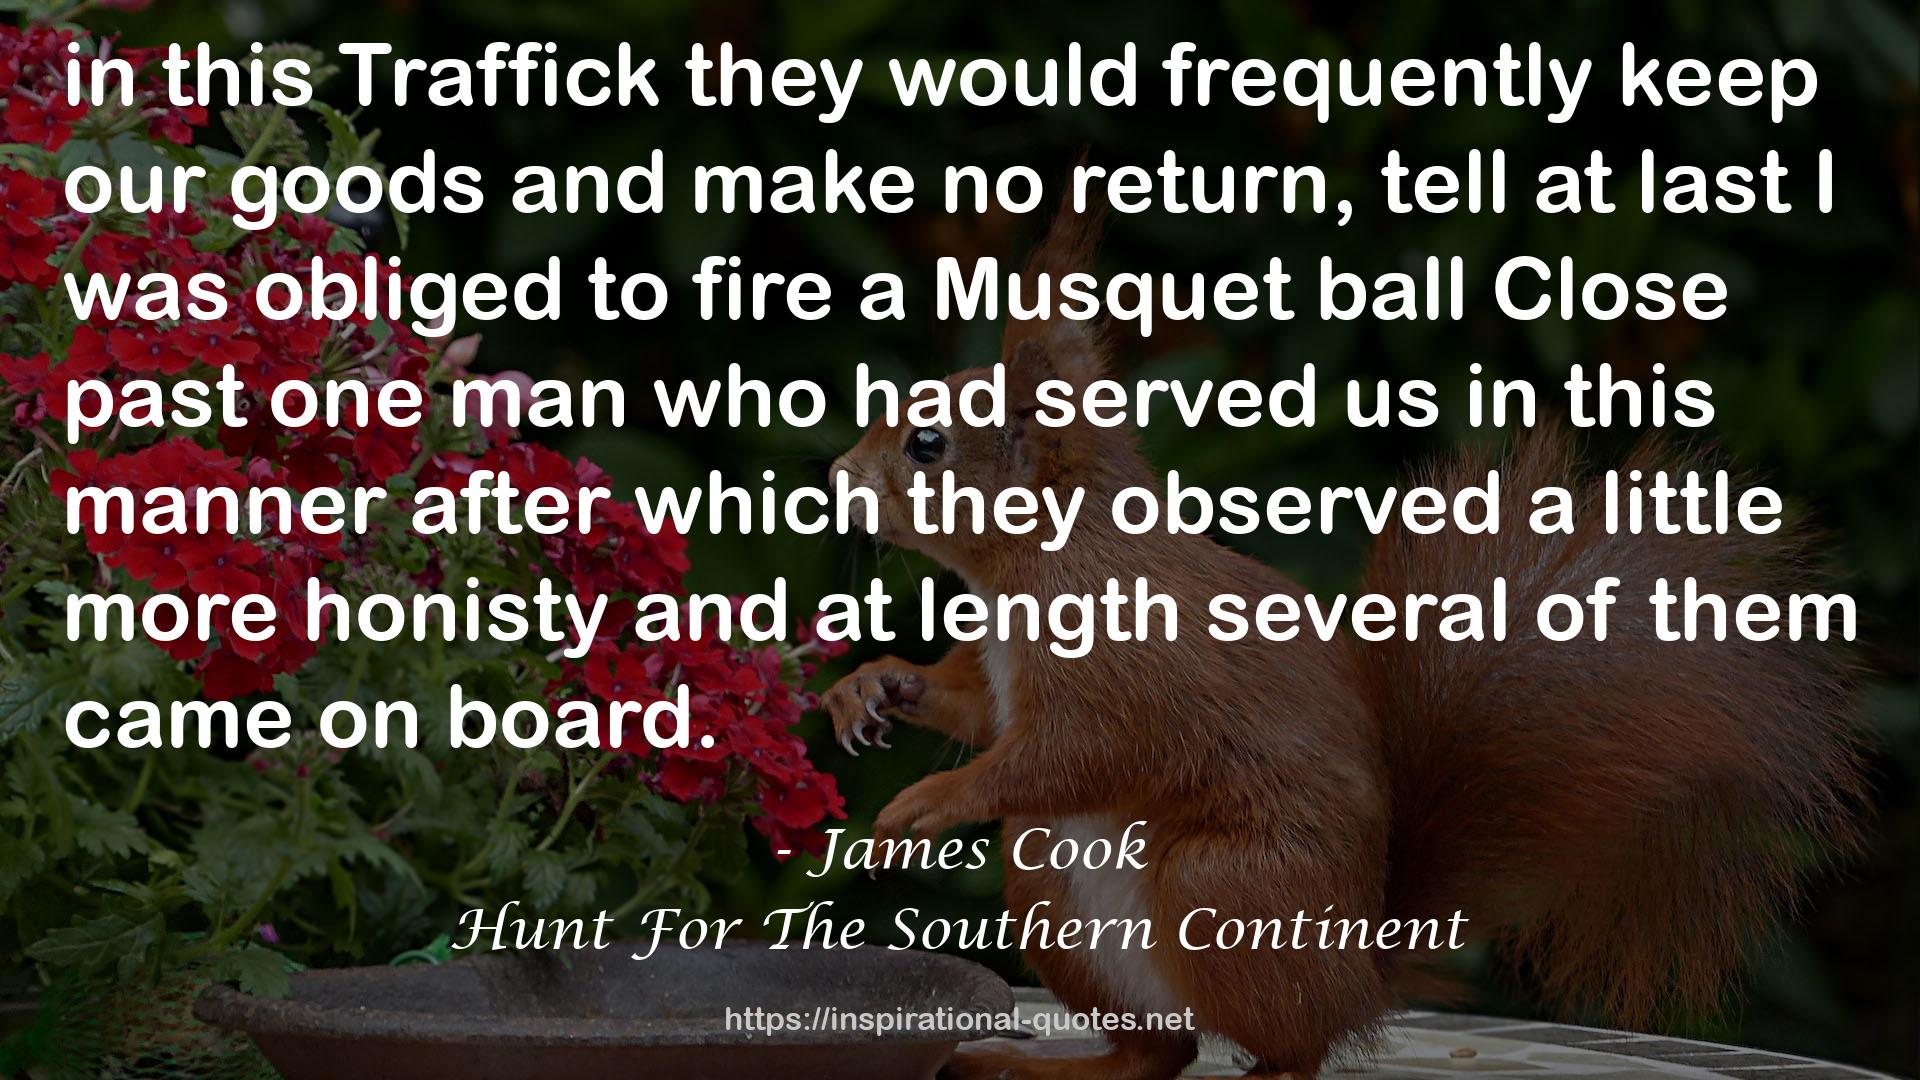 Hunt For The Southern Continent QUOTES
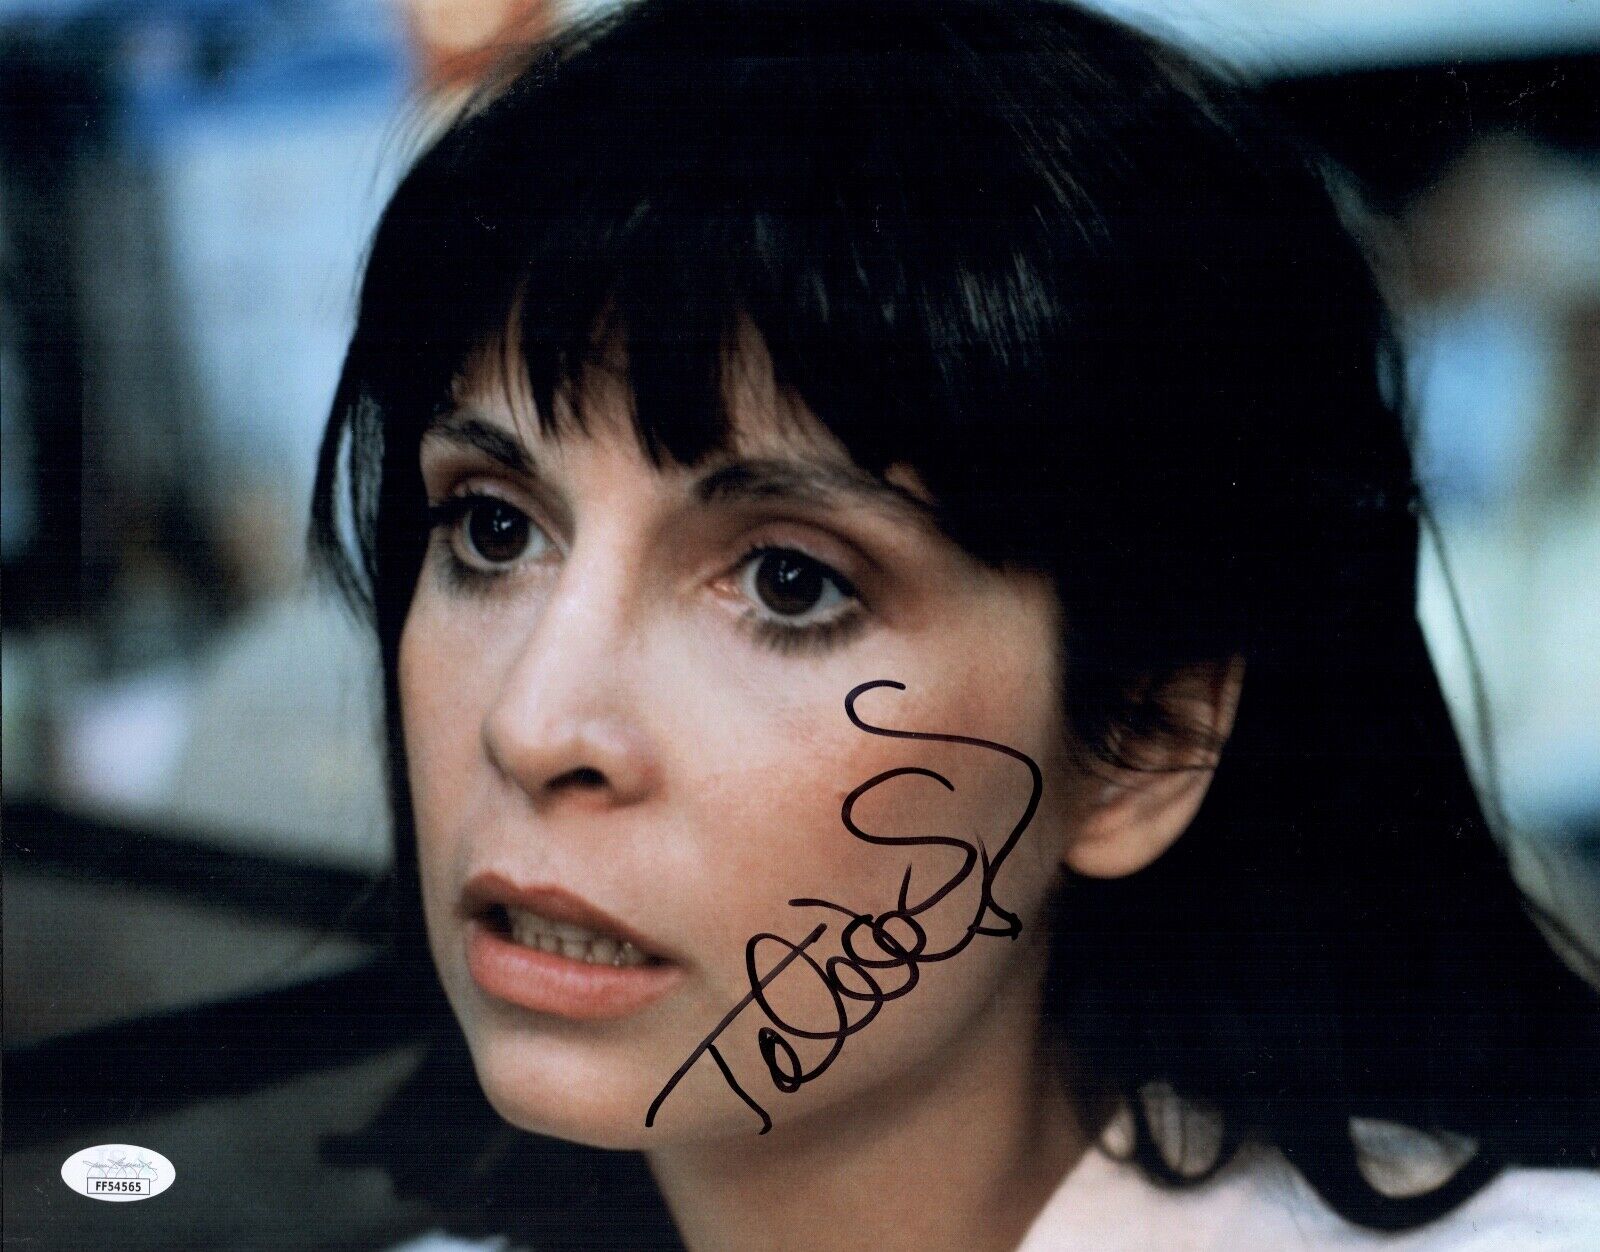 TALIA SHIRE Signed 11x14 Photo Poster painting ROCKY Autograph THE GODFATHER In Person JSA COA
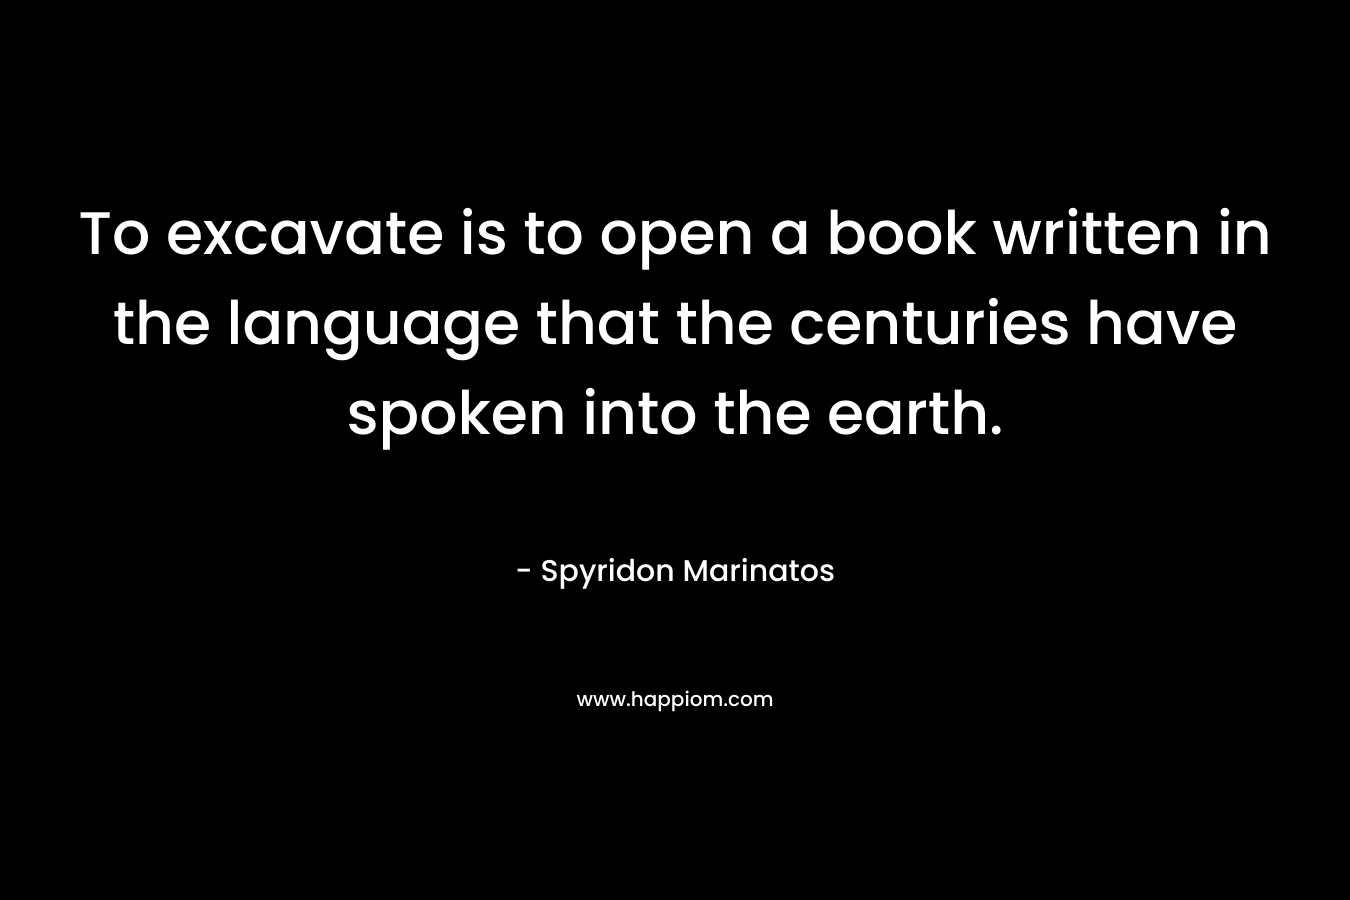 To excavate is to open a book written in the language that the centuries have spoken into the earth.

:::

Write out the material above exactly, and omit the pictures it holds.

 Hunt For The Southern Continent QUOTES
 TALIA SHIRE Signed 11x14 Photo Poster painting ROCKY Autograph THE GODFATHER In Person JSA COA
 To excavate is to open a book written in the language that the centuries have spoken into the earth.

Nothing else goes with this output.